It's all about...popular girls...rec rooms...summers at the lake...dates with wealthy, thrill-crazy boys...black-market antiques...small town political corruption...and finding your true path in life. The Paris Hat considers the sometimes frothy, sometimes serious world of novels for teenage girls from the 1950s and 60s.

Friday, February 5, 2010

Don't Mess With Candy

Title: Say Hello, Candy
Author: Bianca Bradbury
Publisher: Coward McCann, 1961
Jacket Artist: Paul Frame
Setting: Carlisle, Maine
Provenance: Formerly the propery of the Jessie E. McCuffy Memorial Library, Dixon, Missouri
Fun: sulky teens; fake antiques; summer people vs. townies

Quote: "You've changed, Funny-face. Do you know that?"
"How?" she asked.
"You're still as gorgeous as ever. I think you're the best-looking female woman I know. But you're more serious. I don't know, I look at you and I think, wheels are turning inside her head. You never used to have wheels inside your head. You were just my girl, an awful sweet, empty-headed doll."

The jacket illustration is striking, isn't it? I have it on my Flickr photostream and it gets far more hits than the other illustrations in the set. Although something about Candy's hair irritates me every time I look at it.

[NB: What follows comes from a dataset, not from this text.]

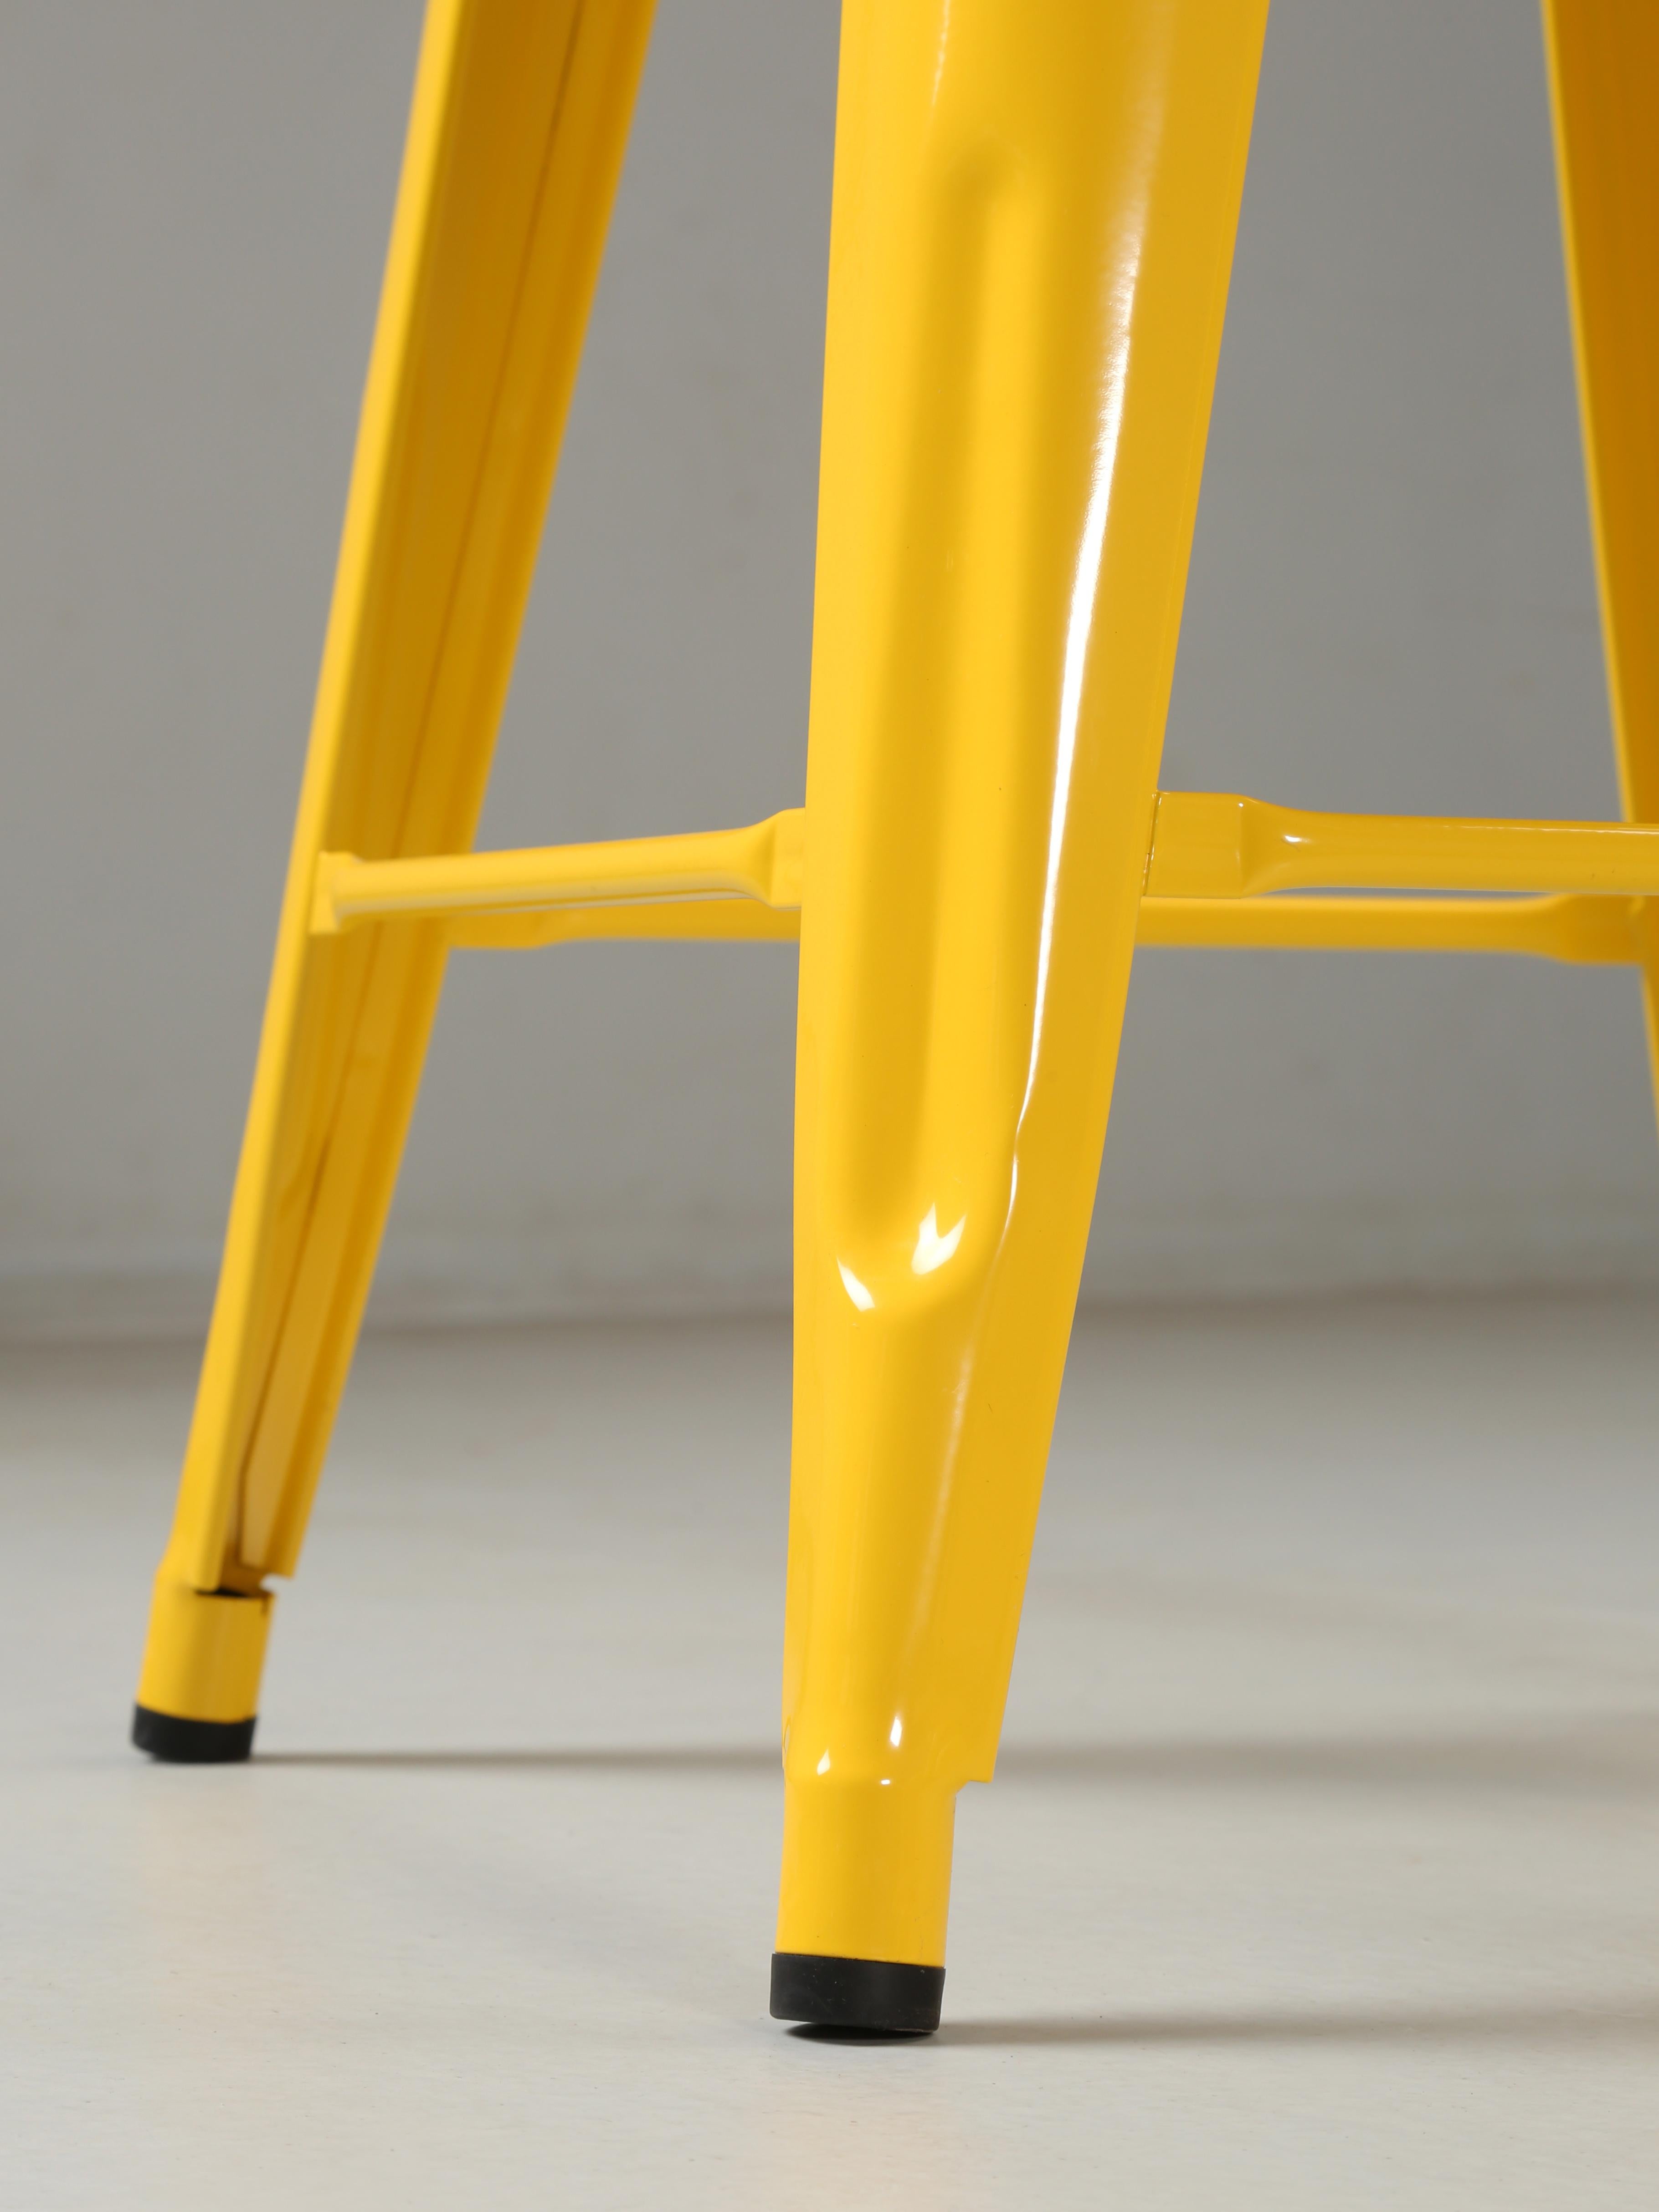 Hand-Crafted Tolix Made in France Steel Stacking Stools 100's in Stock, Most Colors Available For Sale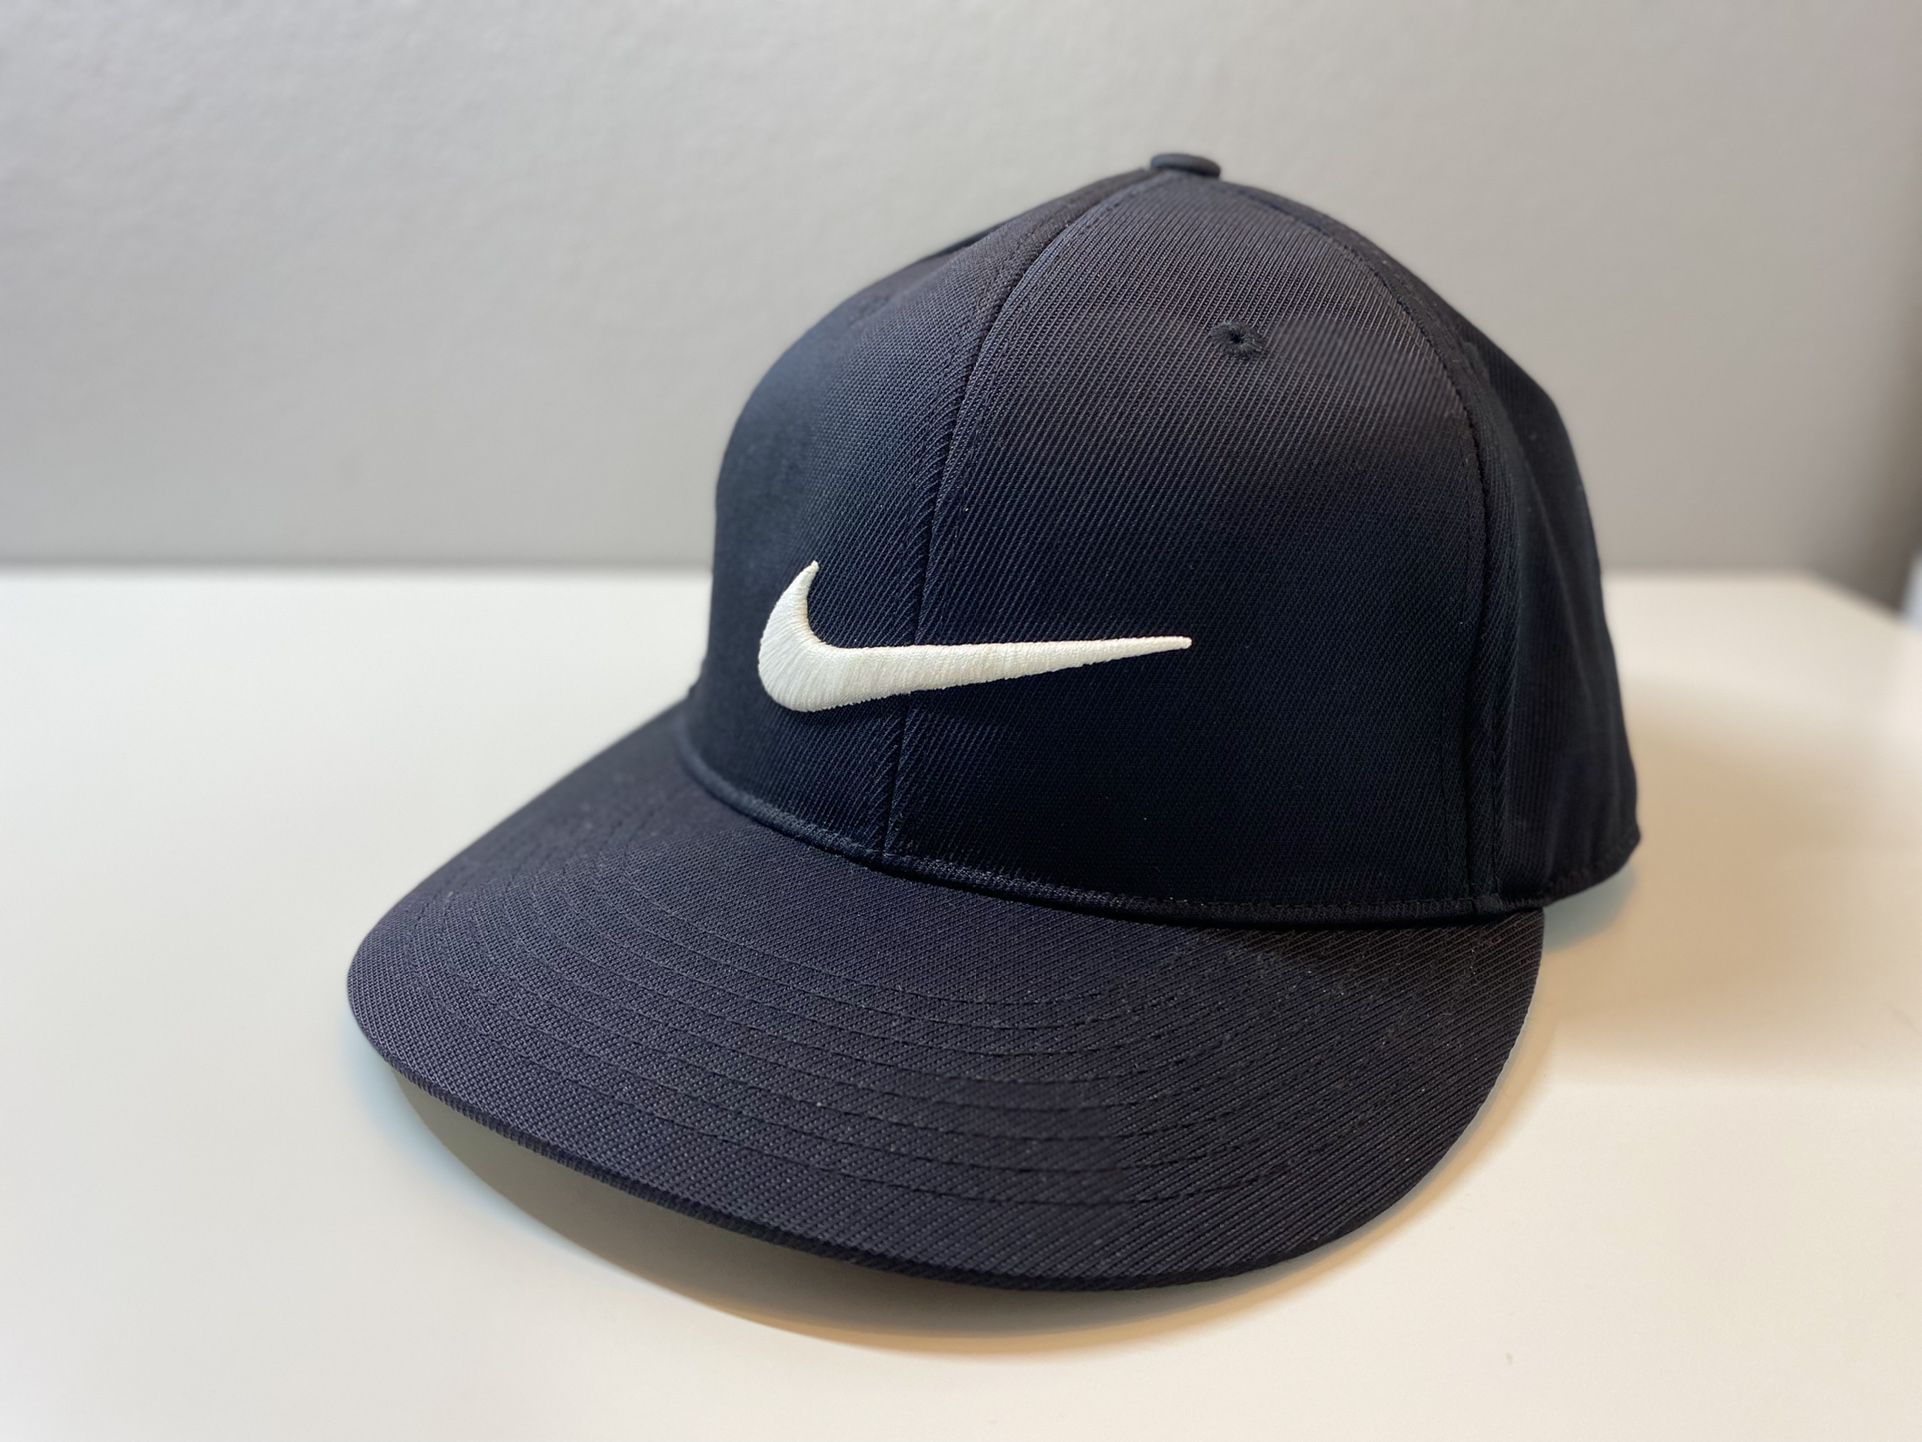 Nike Mens Golf Fitted Hat Black

Say Hello, Candy starts with a serious situation. Candy Andrews' father has been paralyzed in a car accident. In 1961 this relegates him to the status of a cripple -- unable to go back to work or even navigate much of the outside world (in one scene he has to eat in his hotel room because the restaurant can't accomodate him.) Nevertheless, as a parental figure in a teen novel, he is not bitter. Since their income is gone, Candy's family moves from the pleasant suburbs of Long Island to Carlisle, Maine, her father's hometown, where they had formerly summered. They hope to settle in as permanent residents, with Candy's mother supporting the family by selling antiques. The drama of the book is provided by Candy's slow adjustment to this disaster. She knows she ought to be cheerful and helpful to her mother, but she just can't force herself to feel grateful and count her blessings:

Older people think that if they can put things in words then that takes care of everything. Her parents acted as though they were resigned to any blows fate handed out to them. I'm not going to give in, she thought, lying stiff and rebellious. I'm not going to sit around waiting for the night to come so the day will end. I'm going to fight! My life's not over!

Carlisle is so remote it doesn't even have television, and the only people Candy knows there are the "summer people." The story progresses in an episodic fashion. Candy helps her mother stock the antique store and then works behind the counter, sometimes enjoying it and sometimes resenting it. She has a confusing number of romantic encounters with both town and summer boys, all of whom seem to surface and vanish without much significance. She almost cheats a woman who buys a fake antique chest, but at the last moment feels remorse. She quarrels with her mother and makes up. Even on page 175, Candy is still whispering "I hate them, I hate them" as the summer people drive by in their cars, laughing carelessly (is there any other way to laugh?) And then miraculously, in the next and last chapter, she's fully accepted life in Carlisle and steady friendship/romance with a town boy.
Never mind the ending. The most powerful part of Say Hello, Candy, is Candy's discontent, a lightning rod that runs through the book, dominating it as she dominates the cover.